There was no reply from the woman.

"I'd expected your sharp tongue to skewer this fellow—" The gentleman continued, "He cuts a ridiculous figure. Tall, an expression like his favorite hunting bitch had relieved herself in his boots, and above speaking to anyone."

"You misjudge him! I insist that you do." There was a sparkle of bright laughter. "Perhaps I would find him an object of fun… except there is something in his eyes. He feels deeply. I insist upon it."

Full of discomfort at what was said combined with a sense that he would act dishonorably if he continued to listen to this conversation without revealing his presence, Darcy threw his shoulders back and held his head high. He pushed aside the curtain separating the balcony from the rooms.
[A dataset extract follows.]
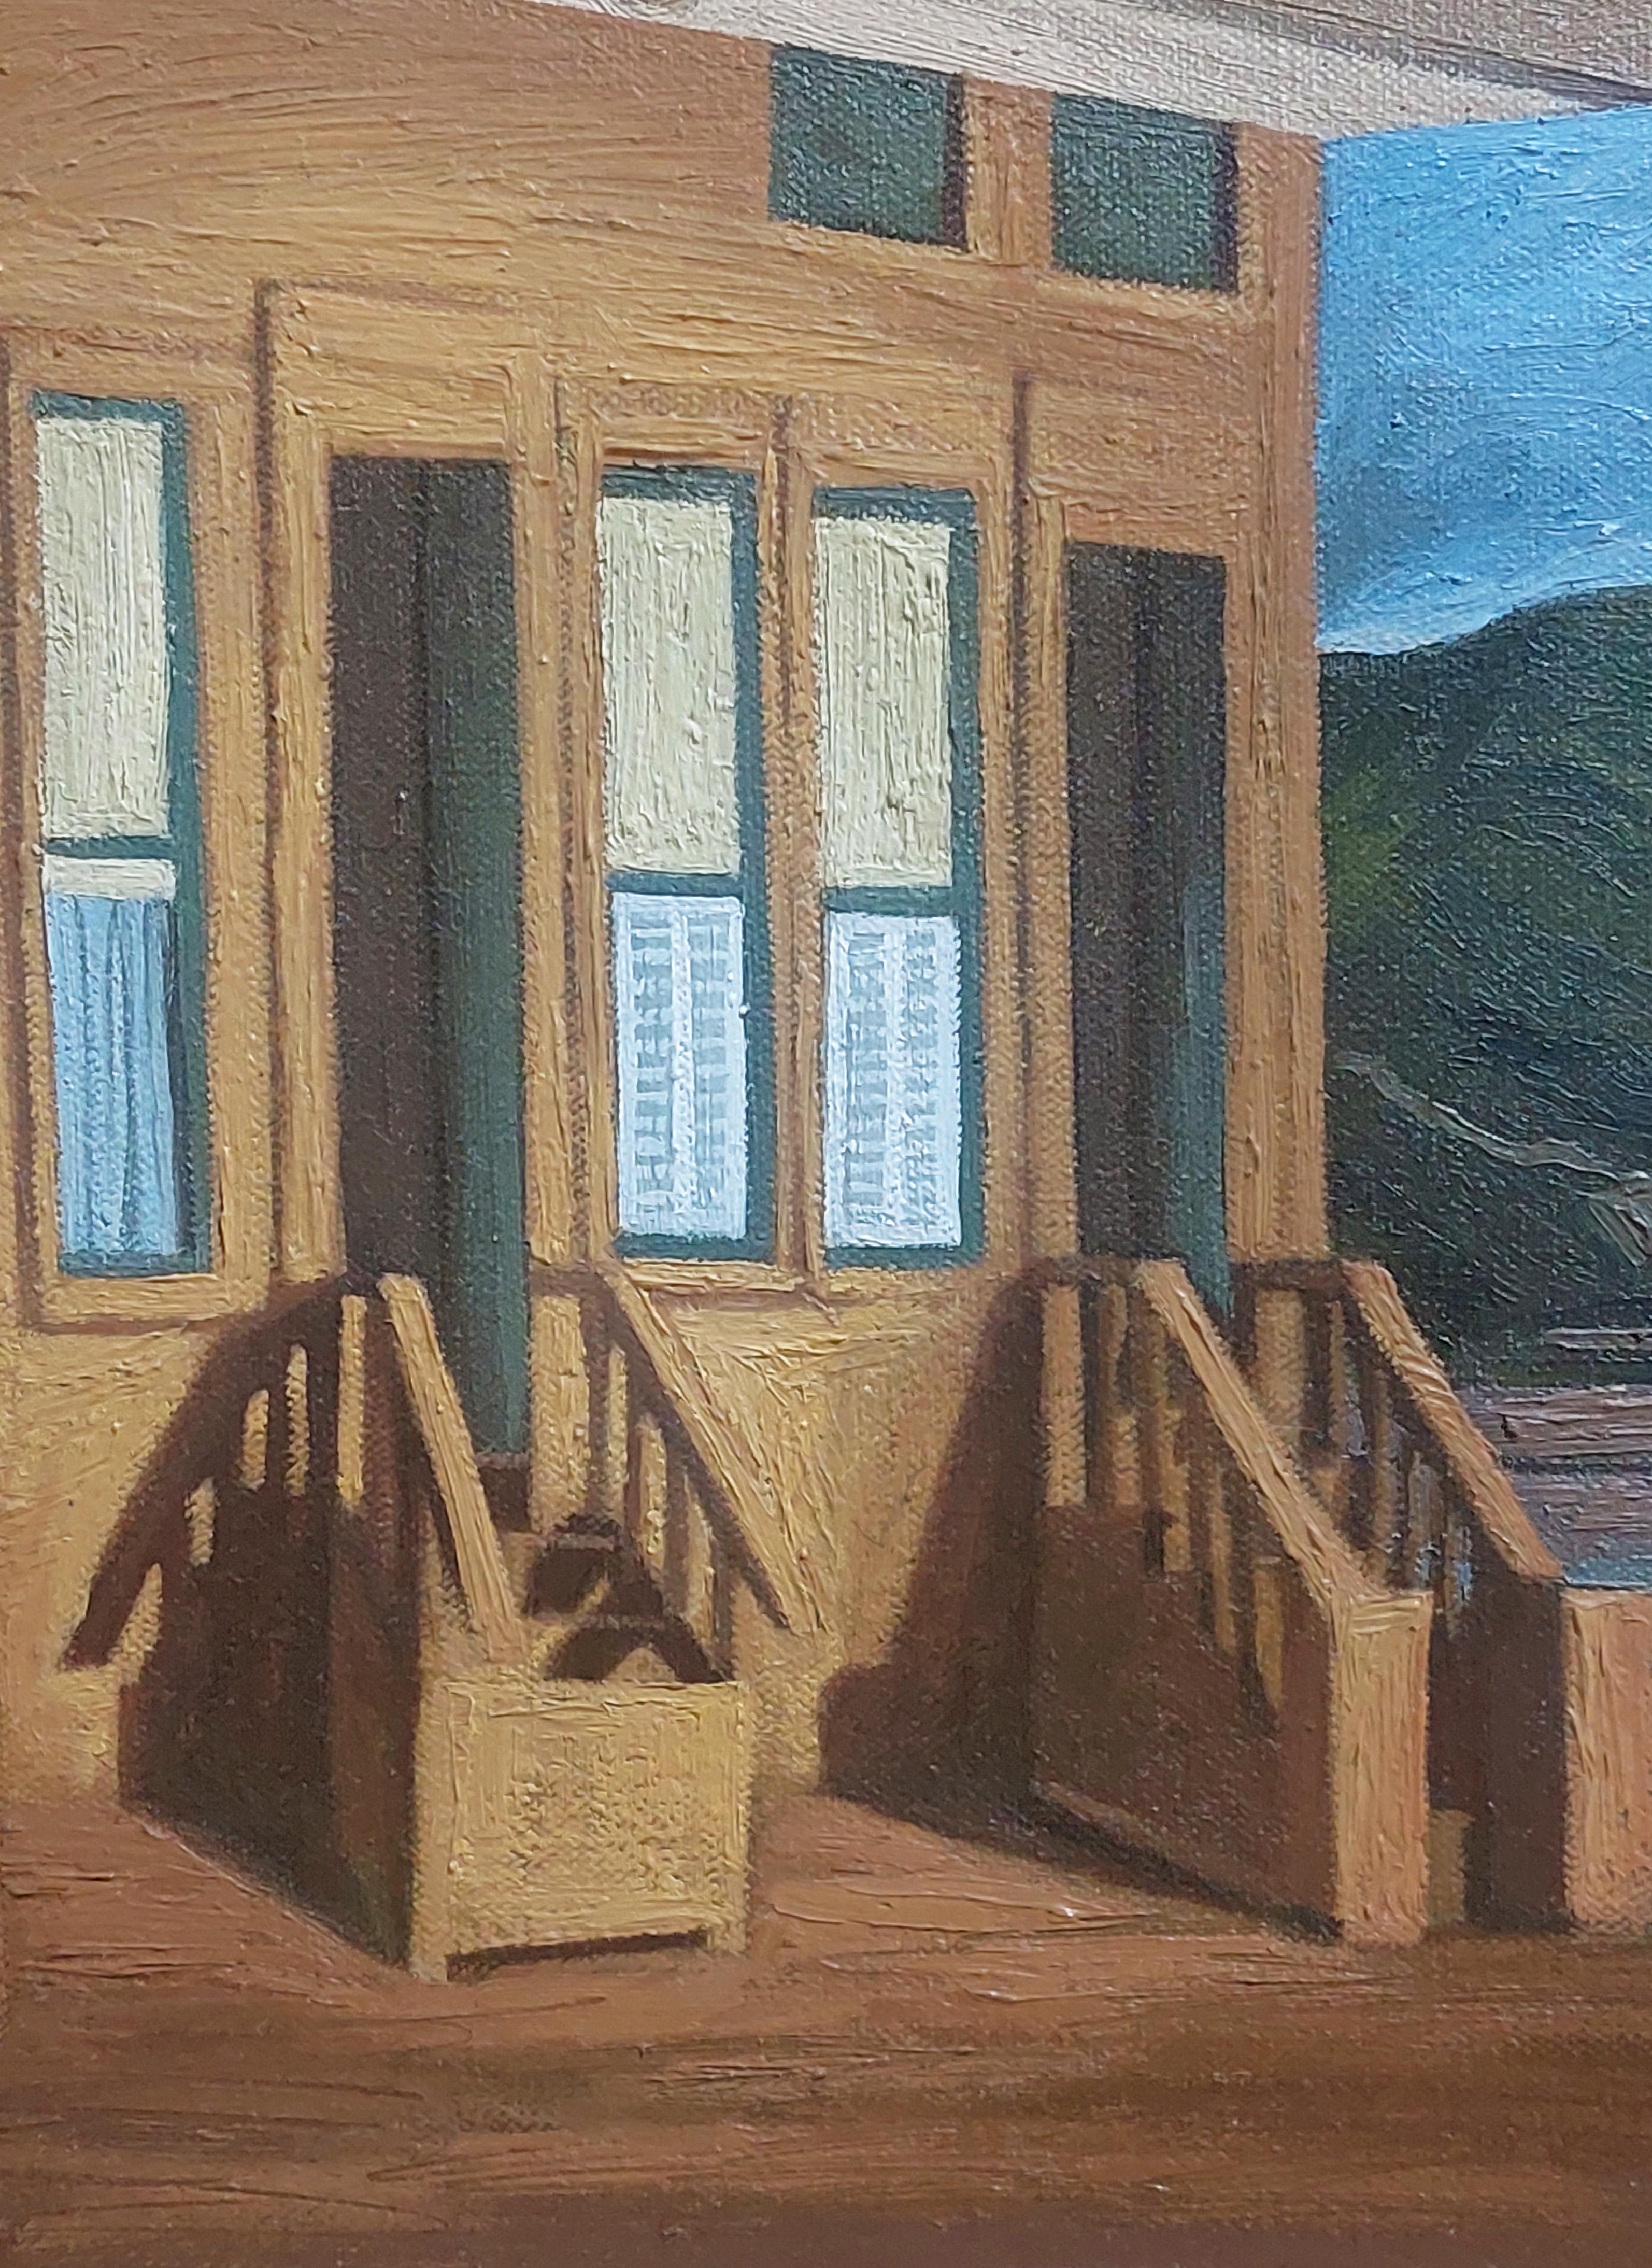 The Light 23, Interiors of a movie set Painting. Mounted on a stretcher  - Brown Still-Life Painting by Jose Ricardo Contreras Gonzalez
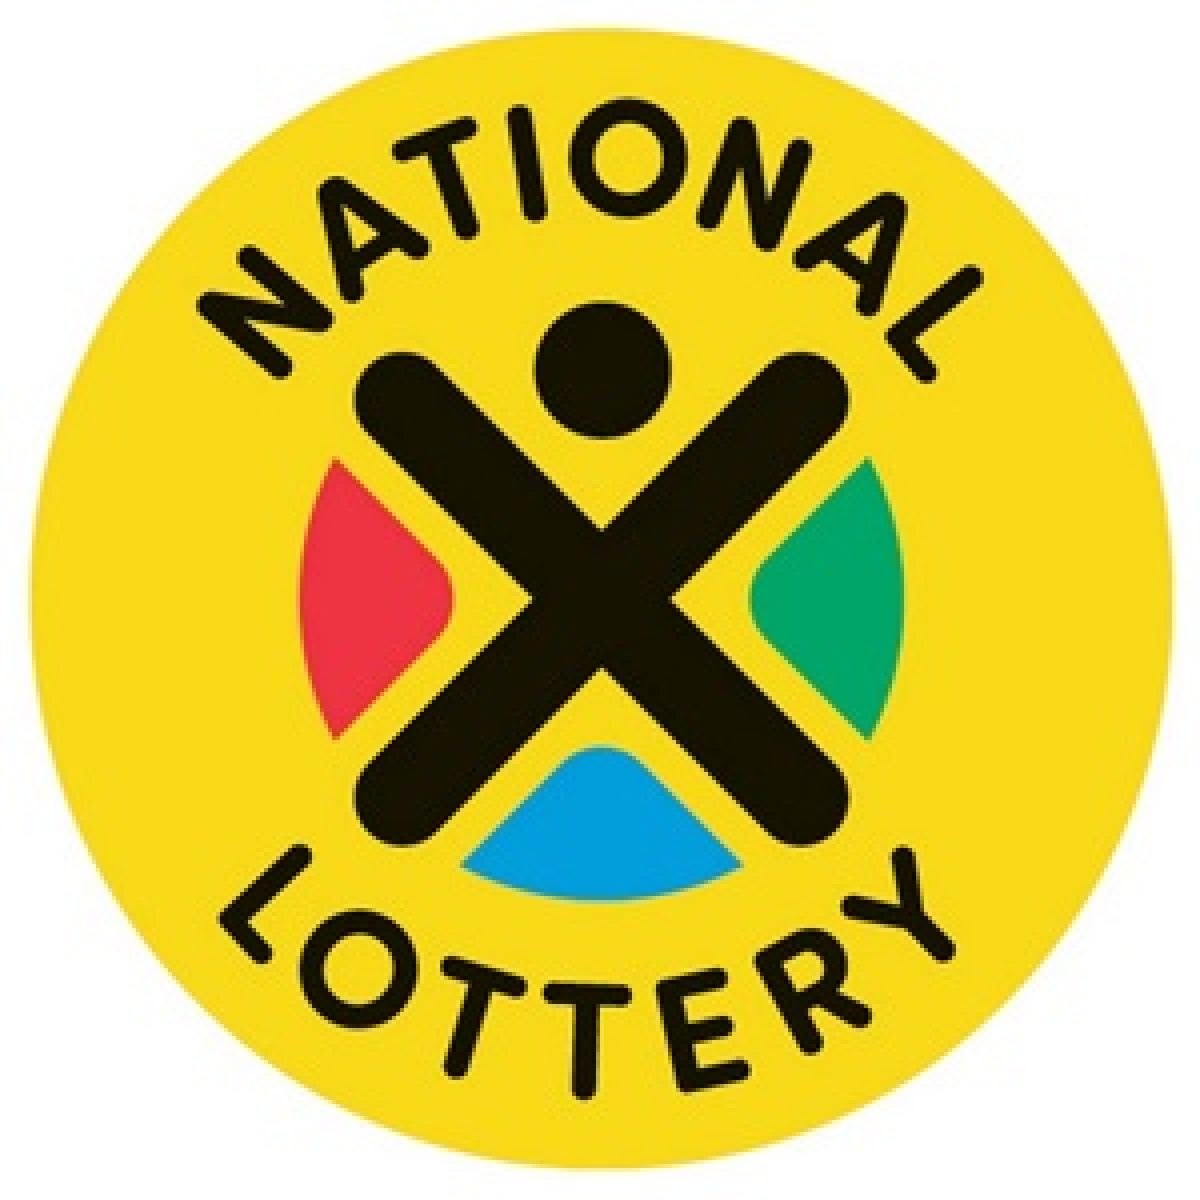 lotto and lotto plus results of yesterday

He would still act in a manner worthy of his family name.

The conversing pair directly faced the door, and they watched him step through. The gentleman and the pretty girl. She was tapping her fan rhythmically against her forearm, but she stopped when she saw him. He recalled her name during the moment of awkwardness as they both realized that Mr. Darcy had heard some portion of their conversation. She was a Miss Elizabeth. The last name started with a B.

Darcy inclined his head to them. They inclined their heads back to him.

And then his eyes met hers.

It was like he'd been thrown from his horse. And he didn't think it was pity in her eyes anymore.

He made himself to walk away, his fine dancing slippers making barely a sound.

However, he had noticed, perhaps against his own will, that the flush in the girl's face made her even prettier than before.

For the rest of the night, no matter which corner of the ballroom Darcy chose to stand about in his stupid manner, he always was aware of exactly where that girl was, and what she was doing.